Copy exactly the stretch of data below from the line with "The Networking Mentor, di" through the line with "Morceau d&hellip;", including both of those lines.
++++++
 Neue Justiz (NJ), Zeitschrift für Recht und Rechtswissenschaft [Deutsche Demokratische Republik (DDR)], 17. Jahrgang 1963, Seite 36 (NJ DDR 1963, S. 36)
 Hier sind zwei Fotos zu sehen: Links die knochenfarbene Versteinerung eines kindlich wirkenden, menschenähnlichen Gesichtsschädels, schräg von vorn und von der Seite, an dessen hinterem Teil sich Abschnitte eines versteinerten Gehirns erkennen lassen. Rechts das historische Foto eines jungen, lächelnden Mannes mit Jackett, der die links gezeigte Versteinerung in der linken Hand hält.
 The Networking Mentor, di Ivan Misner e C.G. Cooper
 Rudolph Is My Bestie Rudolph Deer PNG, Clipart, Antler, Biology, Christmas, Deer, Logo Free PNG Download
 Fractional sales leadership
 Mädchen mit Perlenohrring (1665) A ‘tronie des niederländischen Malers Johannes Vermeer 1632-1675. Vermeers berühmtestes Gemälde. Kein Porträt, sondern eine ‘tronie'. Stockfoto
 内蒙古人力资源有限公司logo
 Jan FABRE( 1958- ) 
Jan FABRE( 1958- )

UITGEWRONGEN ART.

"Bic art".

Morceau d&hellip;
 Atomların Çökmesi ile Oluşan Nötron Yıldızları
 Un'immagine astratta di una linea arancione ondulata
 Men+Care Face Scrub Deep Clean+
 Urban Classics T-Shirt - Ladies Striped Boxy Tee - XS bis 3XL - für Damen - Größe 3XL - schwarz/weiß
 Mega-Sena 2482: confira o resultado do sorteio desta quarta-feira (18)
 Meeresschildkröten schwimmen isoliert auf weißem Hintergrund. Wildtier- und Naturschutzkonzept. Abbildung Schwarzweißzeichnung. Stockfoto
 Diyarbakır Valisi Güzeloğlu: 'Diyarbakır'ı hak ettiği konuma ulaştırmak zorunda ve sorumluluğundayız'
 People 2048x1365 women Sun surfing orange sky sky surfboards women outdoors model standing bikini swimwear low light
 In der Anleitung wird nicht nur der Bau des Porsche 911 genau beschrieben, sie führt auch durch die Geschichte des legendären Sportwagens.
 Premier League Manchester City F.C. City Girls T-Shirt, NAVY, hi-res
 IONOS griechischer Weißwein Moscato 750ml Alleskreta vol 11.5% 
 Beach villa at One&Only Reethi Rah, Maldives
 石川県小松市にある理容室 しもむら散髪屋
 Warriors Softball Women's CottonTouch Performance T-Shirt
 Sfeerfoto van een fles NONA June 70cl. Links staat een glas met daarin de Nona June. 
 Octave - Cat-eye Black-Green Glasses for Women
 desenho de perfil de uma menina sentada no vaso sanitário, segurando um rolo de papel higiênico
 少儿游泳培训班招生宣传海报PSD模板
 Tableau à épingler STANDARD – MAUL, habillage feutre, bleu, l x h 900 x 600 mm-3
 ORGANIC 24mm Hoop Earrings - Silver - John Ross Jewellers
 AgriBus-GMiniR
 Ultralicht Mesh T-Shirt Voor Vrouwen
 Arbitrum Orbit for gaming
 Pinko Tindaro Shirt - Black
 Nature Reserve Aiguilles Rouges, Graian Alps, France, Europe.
++++++
▶ Written answer
 The Networking Mentor, di Ivan Misner e C.G. Cooper
 Rudolph Is My Bestie Rudolph Deer PNG, Clipart, Antler, Biology, Christmas, Deer, Logo Free PNG Download
 Fractional sales leadership
 Mädchen mit Perlenohrring (1665) A ‘tronie des niederländischen Malers Johannes Vermeer 1632-1675. Vermeers berühmtestes Gemälde. Kein Porträt, sondern eine ‘tronie'. Stockfoto
 内蒙古人力资源有限公司logo
 Jan FABRE( 1958- ) 
Jan FABRE( 1958- )

UITGEWRONGEN ART.

"Bic art".

Morceau d&hellip;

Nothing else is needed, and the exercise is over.